For select proteins where detection varied between never and current smokers, we examined the expression of the corresponding mRNA for smoking-related differential expression. PLUNC (NP_570913), ALDH3B1 (NP_000685), and hypothetical protein DKFZP586A0522 (NP_054752) were selected based on the results of the Fisher exact test. Uteroglobin (NP_003348) and the prolyl 4-hydroxylase beta subunit (P4HB) (NP_000909) were selected based on their qualitative differences between never and current smokers. Within this cohort, mRNA expression positively correlated with protein detection for PLUNC, uteroglobin, and P4HB (Figure 3).
Figure 3
Figure 3
Comparison of individual protein detection and mRNA expression.

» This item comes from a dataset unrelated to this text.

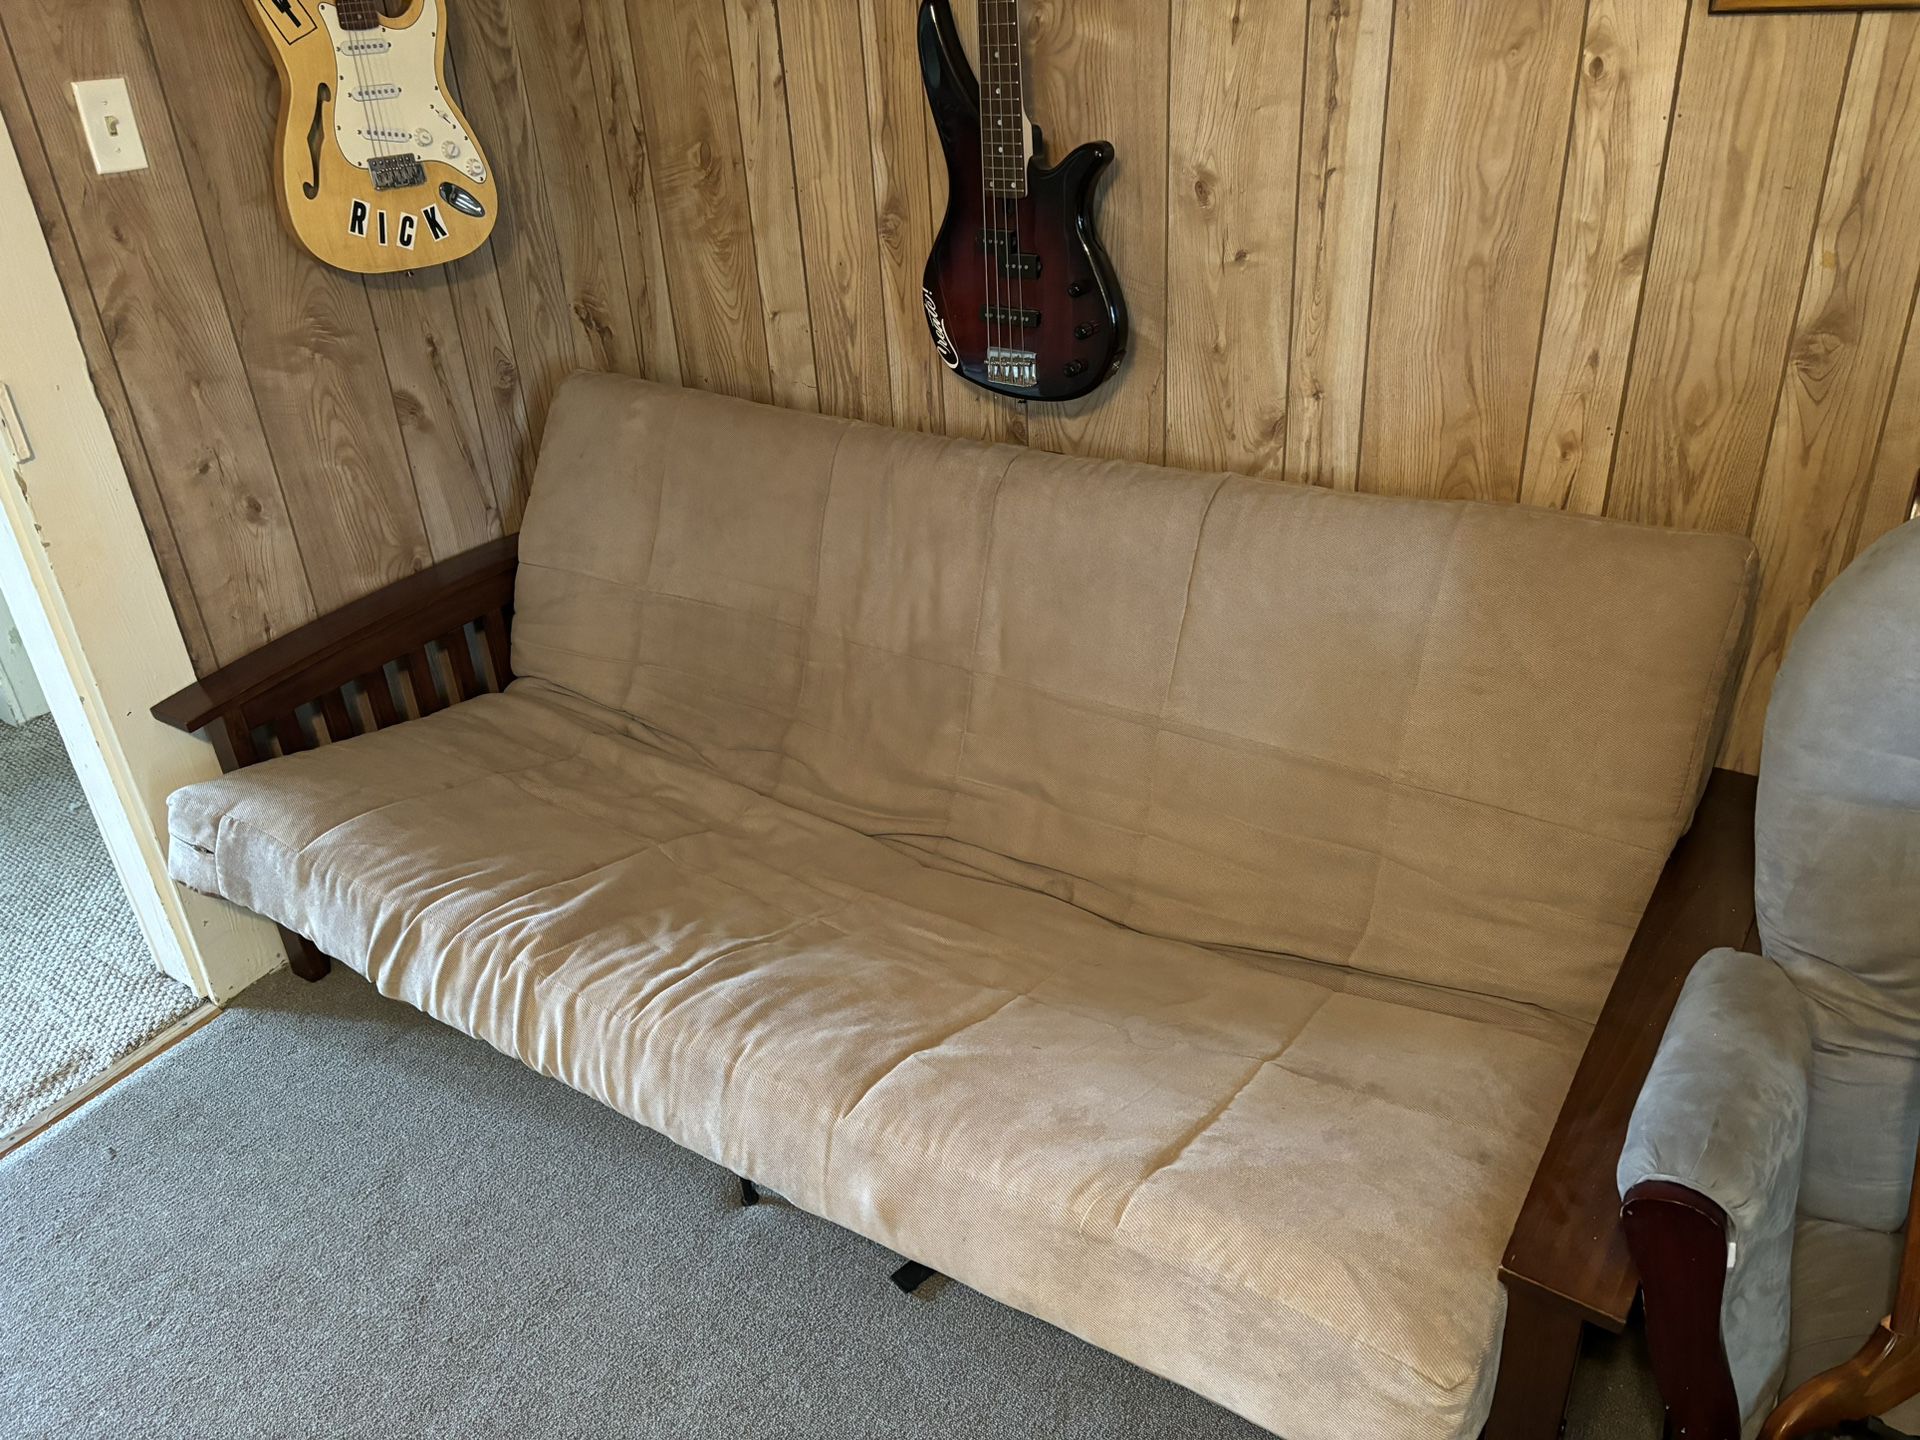 Futon For Sale Nothing Wrong With It At All Pick Up Only

The association between smoking and gene expression was also examined in a previously published cohort [8] from which we excluded a sample that overlapped with the samples used in this study (Figure 3). Consistent with the protein detection data and the gene expression data from the present study, in this independent group of never and current smokers, ALDH3B1, hypothetical protein DKFZP586A0522, PLUNC and uteroglobin mRNA expression were higher in never smokers and P4HB gene expression was higher in current smokers. Additionally, we used this cohort to assess the potential confounding effects of age on the smoking-induced changes in candidate proteins identified in the current study. Within the previously published cohort, we identified 12 never and 12 current smokers matched within 1 year for age. A t-test performed on these age-matched 12 never smokers and 12 current smokers confirmed differential gene expression of ALDH3B1 (211004_s_at, p = 0.03), hypothetical protein DKFZP586A0522 (207761_s_at, p = 0.03), PLUNC (220542_s_at, p = 0.02), uteroglobin (205725_at, p = 0.0005), and P4HB1 (200654_at, p = 0.03).

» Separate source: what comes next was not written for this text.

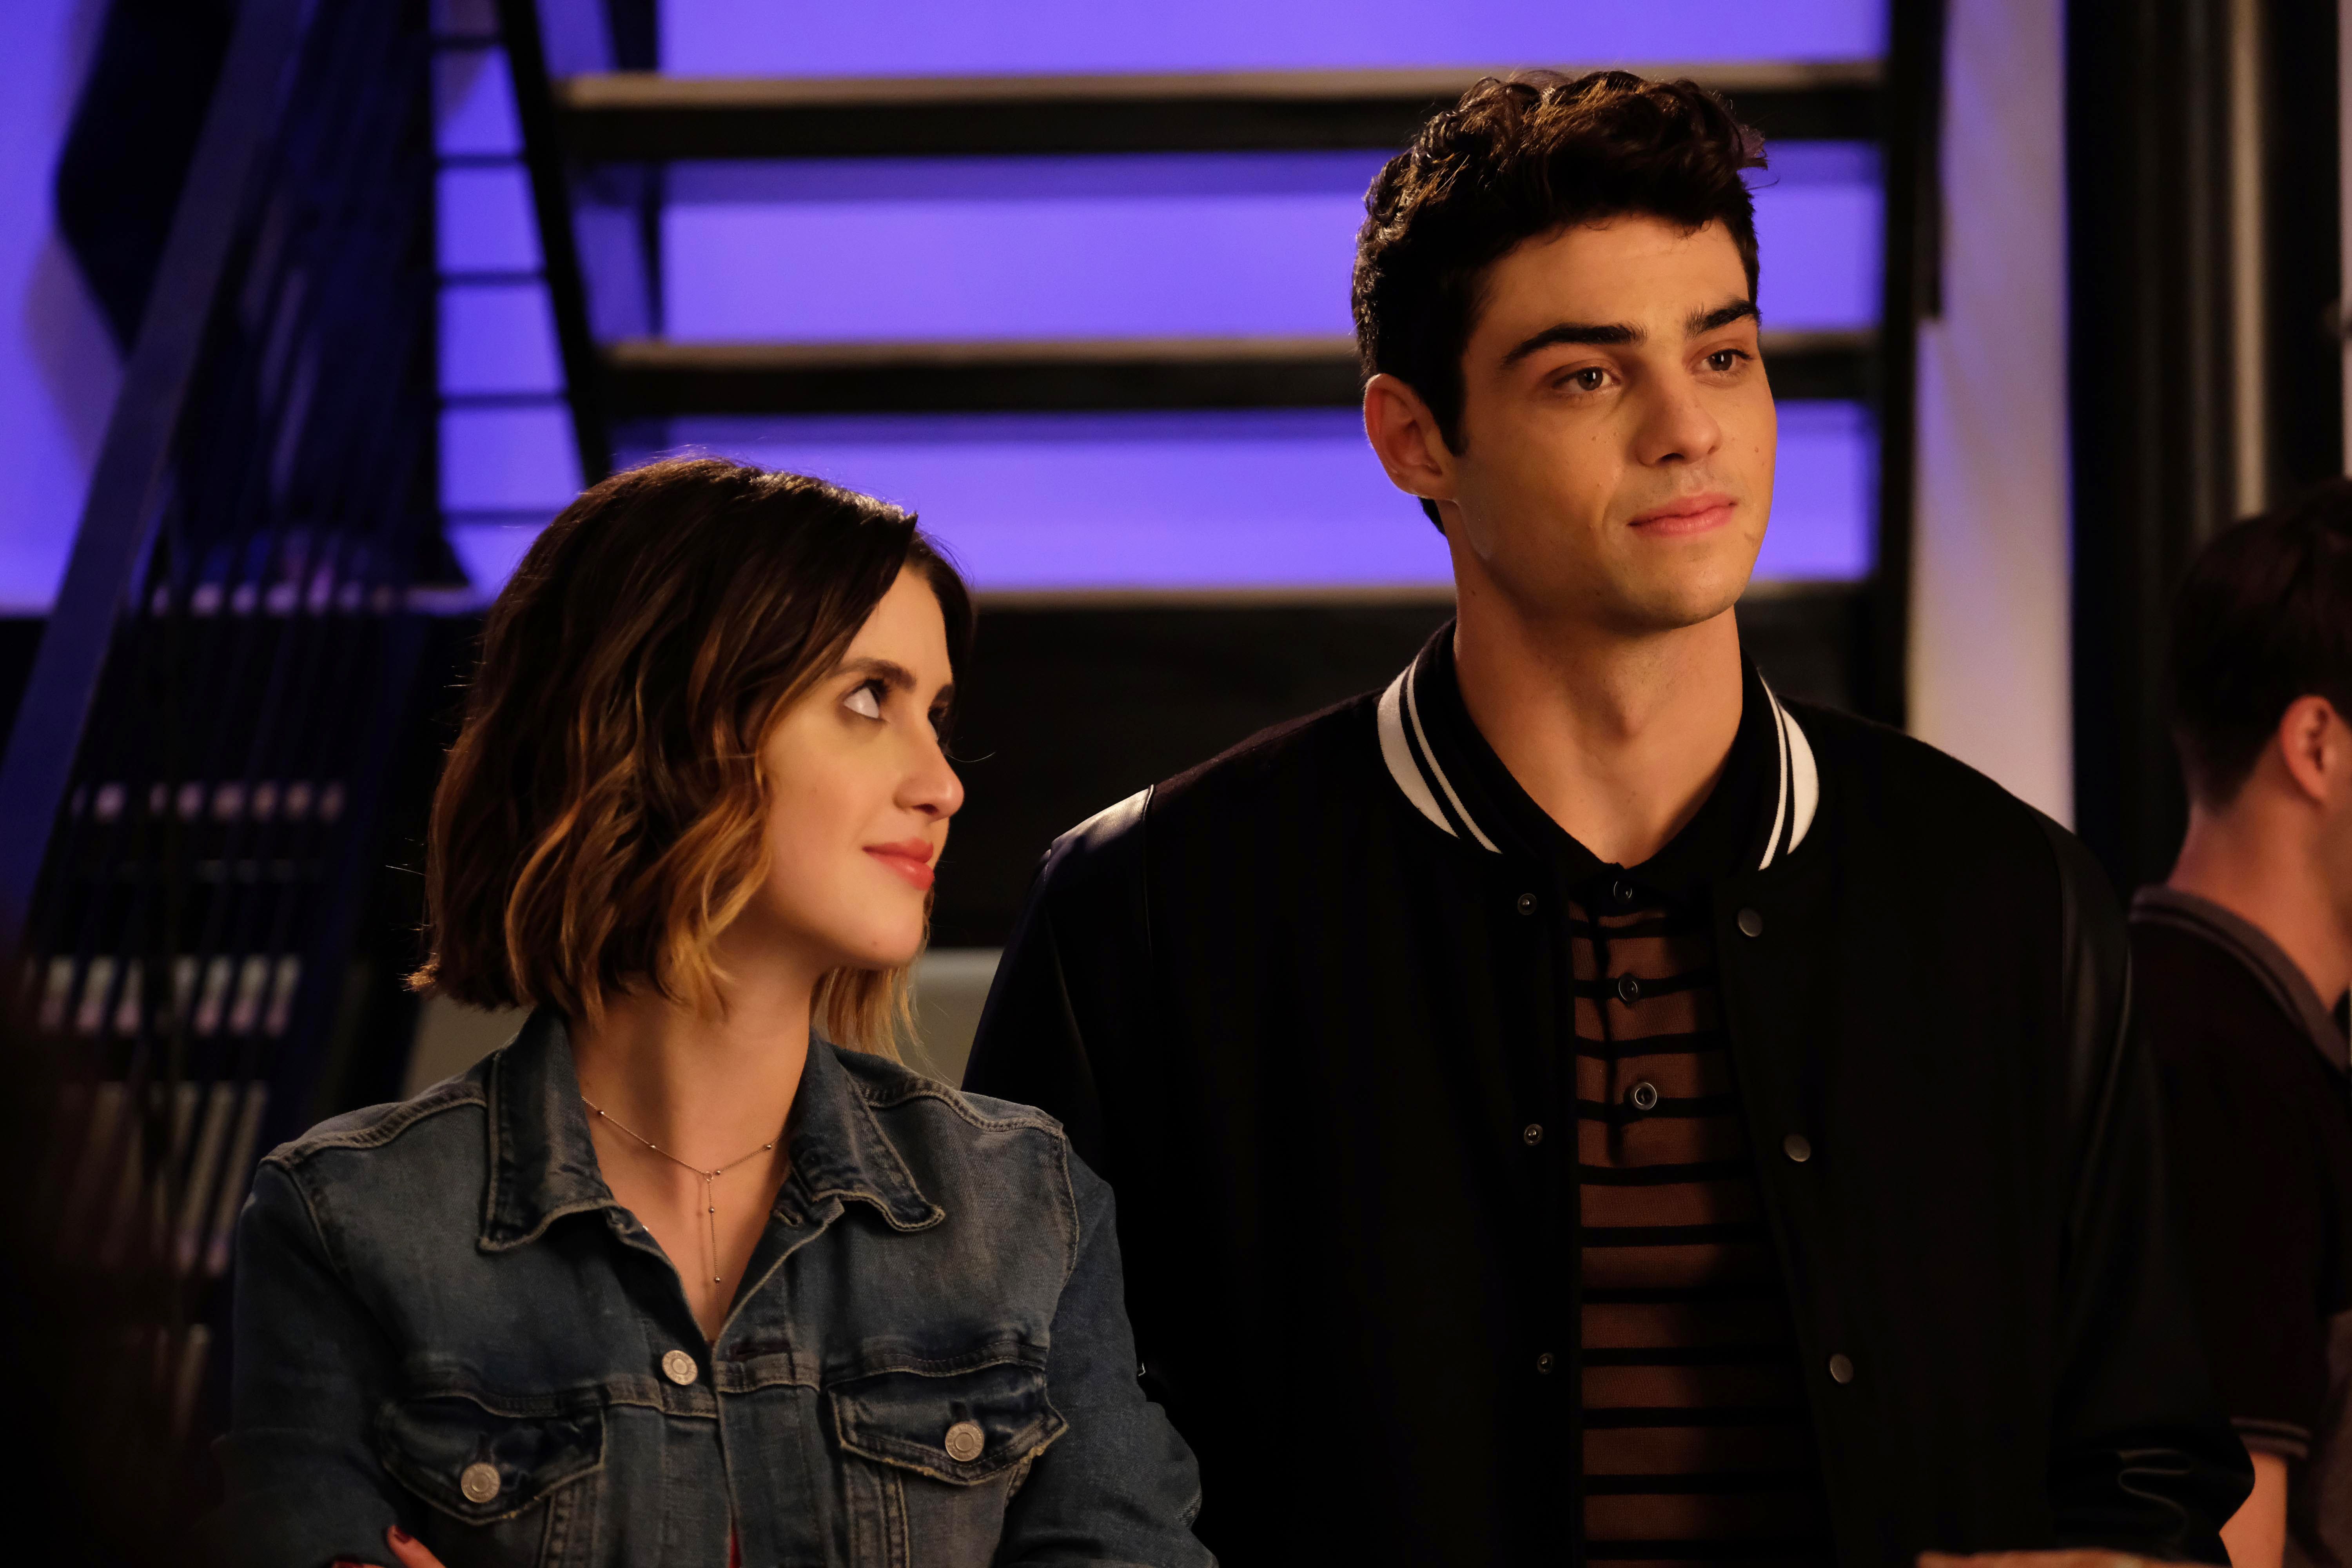 Laura Marano wears a beautiful jean jacket in The perfect Date while Reuniting with Noah Centineo

Differences in protein detection by mass spectrometry and transcript detection by microarray were also explored. In the matched samples, there was no expression by microarray of transcripts corresponding to 41 proteins that were detected in ≥50% of samples by mass spectrometry (Table 4). Additionally, expression of these transcripts was detected in ≤5% of the never and current smokers in the larger previously published dataset[8] of never and current smokers. Ten of these 41 proteins have been previously described in the erythrocyte proteome[48], which is not surprising given that brushings contain small numbers of red blood cells that lack nucleic acids.
Table 4
Table 4
Proteins detected in the airway by mass spectrometry that lack detectable transcript by microarray.
We applied 1D-PAGE coupled with LC-MS/MS to the study of the airway epithelium proteome and its response to cigarette smoke exposure. This study presents the first proteomic profile of a relatively pure population of bronchial epithelial cells obtained from bronchoscopy brushings. We also used differences in the rate of protein detection between never and current smokers to identify candidates for proteins that vary in abundance in response to tobacco-smoke exposure. The effect of smoking on several of these proteins was confirmed by Western blot. We also found that for many candidates, smoking similarly affected expression of the mRNA transcripts that gave rise to these proteins. This was accomplished by measuring gene expression in the same samples that were profiled at the proteomic level and in an independent data set. The majority of proteins identified by LC-MS/MS had detectable levels of their corresponding transcript by microarray. Differing methodologies may account for the stronger relationship between protein and gene expression reported here relative to prior studies[36], [39], [43], [45], [46].
Analysis of the proteome using 1D-PAGE coupled with LC-MS/MS resulted in the detection of 41 proteins for which expression of corresponding transcripts was not detected by microarray. Some of these failures to detect transcript expression could represent technical limitations of the microarray platform. However, we were intrigued that several of the proteins whose transcripts were not detected by microarray represent erythrocyte-specific proteins. This suggests that: 1) the airway epithelial samples collected for this study were likely contaminated with erythrocytes, and 2) that more generally, stable proteins may be detected by proteomic methods long after the mRNA which encodes for them has disappeared.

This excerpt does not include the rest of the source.